Comment 23 Sarah Kriesch 2024-08-18 18:45:03 UTC
tested by openQA
Comment 24 LTC BugProxy 2024-08-19 07:02:24 UTC
------- Comment From WINTERA@de.ibm.com 2024-08-19 02:53 EDT-------
For the records:
As you probably saw in the upstream discussions, Heiko's patch causes a
compile error when iucv is compiled as a module.
This is NOT an issue for hvc over iucv usage of OpenSuse or other enterprise
distros. hvc can only be built in and depends on iucv, so iucv will also be built in.

------- Comment From WINTERA@de.ibm.com 2024-08-19 02:55 EDT-------
(In reply to comment #22)
> For the records:
> As you probably saw in the upstream discussions, Heiko's patch causes a
> compile error when iucv is compiled as a module.
> This is NOT an issue for hvc over iucv usage of OpenSuse or other enterprise
> distros. hvc can only be built in and depends on iucv, so iucv will also be
> built in.

So it's totally fine for you to take Heiko's patch until we have an improved version upstream.
Comment 25 LTC BugProxy 2024-08-23 07:40:43 UTC
------- Comment From WINTERA@de.ibm.com 2024-08-23 03:33 EDT-------
FYI:
Corrected patch was accepted to the net repository:
0124fb0 ("s390/iucv: Fix vargs handling in iucv_alloc_device()")

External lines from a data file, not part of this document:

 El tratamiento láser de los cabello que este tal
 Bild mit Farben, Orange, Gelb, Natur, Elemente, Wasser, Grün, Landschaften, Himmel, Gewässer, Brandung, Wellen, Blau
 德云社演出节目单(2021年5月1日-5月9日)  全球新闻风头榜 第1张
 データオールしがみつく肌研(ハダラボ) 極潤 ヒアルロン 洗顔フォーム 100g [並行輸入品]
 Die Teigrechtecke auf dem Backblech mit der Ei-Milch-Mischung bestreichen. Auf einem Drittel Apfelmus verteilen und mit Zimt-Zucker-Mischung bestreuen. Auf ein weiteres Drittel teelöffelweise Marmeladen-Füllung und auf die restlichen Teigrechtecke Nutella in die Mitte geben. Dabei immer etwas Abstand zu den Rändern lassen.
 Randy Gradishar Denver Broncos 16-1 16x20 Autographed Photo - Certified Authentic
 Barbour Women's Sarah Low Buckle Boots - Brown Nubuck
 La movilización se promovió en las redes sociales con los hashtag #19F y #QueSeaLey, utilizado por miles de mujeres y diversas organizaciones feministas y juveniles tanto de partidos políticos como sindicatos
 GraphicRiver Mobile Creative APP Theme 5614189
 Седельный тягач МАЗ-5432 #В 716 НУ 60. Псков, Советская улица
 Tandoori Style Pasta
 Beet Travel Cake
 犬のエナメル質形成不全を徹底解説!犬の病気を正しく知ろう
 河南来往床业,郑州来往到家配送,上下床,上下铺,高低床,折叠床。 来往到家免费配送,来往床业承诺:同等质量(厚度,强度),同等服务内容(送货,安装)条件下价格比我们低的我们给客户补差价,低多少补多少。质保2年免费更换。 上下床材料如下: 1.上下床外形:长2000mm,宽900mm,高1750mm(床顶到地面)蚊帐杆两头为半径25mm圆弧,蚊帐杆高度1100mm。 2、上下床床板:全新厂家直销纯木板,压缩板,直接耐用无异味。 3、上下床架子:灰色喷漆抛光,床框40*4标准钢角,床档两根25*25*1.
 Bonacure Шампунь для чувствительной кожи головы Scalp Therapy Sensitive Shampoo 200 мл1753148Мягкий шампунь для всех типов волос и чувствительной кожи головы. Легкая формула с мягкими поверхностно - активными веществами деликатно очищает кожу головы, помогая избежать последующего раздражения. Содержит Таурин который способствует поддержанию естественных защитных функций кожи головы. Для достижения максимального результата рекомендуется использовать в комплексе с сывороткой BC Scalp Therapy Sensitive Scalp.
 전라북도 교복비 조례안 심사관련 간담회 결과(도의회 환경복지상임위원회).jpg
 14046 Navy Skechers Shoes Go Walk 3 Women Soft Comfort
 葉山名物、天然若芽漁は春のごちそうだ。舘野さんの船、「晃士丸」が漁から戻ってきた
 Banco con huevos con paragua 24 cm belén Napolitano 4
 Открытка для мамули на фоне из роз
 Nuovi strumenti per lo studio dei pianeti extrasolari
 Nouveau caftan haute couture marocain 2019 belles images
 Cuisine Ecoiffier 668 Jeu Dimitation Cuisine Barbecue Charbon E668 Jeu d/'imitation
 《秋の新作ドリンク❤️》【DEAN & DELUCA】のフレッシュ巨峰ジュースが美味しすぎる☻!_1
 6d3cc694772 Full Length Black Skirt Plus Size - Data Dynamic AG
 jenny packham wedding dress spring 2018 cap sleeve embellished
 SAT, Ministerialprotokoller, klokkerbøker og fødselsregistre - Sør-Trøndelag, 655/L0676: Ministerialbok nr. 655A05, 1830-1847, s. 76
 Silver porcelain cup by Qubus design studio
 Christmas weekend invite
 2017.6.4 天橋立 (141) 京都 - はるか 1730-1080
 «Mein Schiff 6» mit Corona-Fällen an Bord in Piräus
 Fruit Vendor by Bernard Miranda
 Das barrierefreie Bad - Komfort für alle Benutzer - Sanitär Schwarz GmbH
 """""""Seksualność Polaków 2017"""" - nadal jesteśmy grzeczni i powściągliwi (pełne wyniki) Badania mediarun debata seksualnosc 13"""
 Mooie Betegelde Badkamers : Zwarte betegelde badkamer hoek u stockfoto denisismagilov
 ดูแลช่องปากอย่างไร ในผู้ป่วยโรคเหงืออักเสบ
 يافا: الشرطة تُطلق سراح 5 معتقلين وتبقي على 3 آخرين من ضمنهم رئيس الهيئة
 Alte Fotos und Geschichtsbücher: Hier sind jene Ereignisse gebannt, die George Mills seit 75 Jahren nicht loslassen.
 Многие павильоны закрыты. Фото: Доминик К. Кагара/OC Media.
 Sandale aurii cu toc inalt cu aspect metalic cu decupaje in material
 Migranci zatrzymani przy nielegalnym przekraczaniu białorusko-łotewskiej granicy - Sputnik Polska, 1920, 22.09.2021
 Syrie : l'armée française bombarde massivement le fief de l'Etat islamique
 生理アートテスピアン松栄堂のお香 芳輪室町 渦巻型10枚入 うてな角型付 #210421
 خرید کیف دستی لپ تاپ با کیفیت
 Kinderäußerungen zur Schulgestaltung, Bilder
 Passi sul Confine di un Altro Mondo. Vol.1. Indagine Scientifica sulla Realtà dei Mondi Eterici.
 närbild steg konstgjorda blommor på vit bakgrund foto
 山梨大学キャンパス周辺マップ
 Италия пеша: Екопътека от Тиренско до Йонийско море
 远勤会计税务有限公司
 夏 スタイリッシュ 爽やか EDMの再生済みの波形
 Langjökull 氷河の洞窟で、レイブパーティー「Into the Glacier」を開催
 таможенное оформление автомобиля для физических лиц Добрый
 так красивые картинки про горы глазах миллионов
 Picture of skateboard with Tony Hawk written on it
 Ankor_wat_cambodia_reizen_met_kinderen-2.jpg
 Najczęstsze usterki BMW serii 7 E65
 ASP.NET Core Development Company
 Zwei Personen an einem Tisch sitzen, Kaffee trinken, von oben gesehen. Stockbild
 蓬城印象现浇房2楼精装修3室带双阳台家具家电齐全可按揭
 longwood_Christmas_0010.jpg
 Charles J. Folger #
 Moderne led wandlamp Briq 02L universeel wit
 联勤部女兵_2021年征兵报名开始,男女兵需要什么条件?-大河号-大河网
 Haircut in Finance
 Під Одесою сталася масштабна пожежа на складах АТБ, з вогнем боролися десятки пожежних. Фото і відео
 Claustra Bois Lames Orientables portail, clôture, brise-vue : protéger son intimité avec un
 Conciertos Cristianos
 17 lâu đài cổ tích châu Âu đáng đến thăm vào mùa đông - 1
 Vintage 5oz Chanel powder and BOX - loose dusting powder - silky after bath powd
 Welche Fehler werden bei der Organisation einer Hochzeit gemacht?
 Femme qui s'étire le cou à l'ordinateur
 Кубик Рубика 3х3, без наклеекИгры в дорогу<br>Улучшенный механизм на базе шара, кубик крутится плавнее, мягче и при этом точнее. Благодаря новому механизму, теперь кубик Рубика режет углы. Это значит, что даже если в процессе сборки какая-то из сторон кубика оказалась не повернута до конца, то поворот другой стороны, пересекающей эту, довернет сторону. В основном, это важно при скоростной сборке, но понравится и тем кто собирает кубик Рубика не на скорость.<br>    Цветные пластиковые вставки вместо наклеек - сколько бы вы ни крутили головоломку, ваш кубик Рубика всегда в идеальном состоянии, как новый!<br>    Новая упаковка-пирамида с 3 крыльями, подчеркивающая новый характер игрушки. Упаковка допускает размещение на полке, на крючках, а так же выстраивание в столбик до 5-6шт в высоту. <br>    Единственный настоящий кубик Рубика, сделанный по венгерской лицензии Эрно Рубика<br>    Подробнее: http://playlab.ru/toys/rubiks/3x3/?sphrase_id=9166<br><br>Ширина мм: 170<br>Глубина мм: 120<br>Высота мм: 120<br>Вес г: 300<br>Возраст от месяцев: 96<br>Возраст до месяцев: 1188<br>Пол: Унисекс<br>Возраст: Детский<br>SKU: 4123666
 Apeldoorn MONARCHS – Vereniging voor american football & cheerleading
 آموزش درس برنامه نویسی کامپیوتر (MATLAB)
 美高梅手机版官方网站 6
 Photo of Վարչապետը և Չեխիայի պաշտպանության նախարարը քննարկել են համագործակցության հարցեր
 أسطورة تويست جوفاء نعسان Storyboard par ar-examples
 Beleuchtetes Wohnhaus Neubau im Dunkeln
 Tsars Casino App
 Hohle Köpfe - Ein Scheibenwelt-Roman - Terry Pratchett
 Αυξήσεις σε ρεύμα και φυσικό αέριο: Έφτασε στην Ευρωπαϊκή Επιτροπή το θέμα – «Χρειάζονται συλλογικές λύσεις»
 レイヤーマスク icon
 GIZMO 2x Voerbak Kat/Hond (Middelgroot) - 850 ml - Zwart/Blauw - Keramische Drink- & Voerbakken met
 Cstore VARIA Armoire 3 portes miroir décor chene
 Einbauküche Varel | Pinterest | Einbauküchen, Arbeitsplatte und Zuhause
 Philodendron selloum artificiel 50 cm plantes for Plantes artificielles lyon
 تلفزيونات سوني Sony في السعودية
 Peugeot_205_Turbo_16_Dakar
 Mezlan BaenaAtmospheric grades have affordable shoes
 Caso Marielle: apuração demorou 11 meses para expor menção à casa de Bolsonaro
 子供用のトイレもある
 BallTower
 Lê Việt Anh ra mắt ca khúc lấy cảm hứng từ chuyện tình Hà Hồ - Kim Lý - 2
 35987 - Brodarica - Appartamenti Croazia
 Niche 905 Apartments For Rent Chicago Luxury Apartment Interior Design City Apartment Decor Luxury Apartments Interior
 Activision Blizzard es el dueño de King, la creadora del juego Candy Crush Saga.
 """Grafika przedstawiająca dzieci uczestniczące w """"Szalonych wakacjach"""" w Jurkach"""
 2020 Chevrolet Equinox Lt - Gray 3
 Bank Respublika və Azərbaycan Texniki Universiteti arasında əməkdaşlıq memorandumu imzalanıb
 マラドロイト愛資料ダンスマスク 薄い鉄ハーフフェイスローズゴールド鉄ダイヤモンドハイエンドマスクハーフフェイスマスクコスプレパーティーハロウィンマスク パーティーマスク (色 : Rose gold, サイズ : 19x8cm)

If everything goes well, it should go into kernel v6.10
Remember: the issue was introduced in v6.10-rc1
4452e8e ("s390/iucv: Provide iucv_alloc_device() / iucv_release_device()")

Thanks again to OpenSUSE for noticing and reporting the issue.
Comment 26 Miroslav Franc 2024-08-26 09:55:22 UTC
After a quick test, I refreshed the "emergency" stable patch to 0124fb0ebf3b.  It should stay in place until the entire kernel is rebased to the version containing the patch.  Therefore, I consider the issue closed.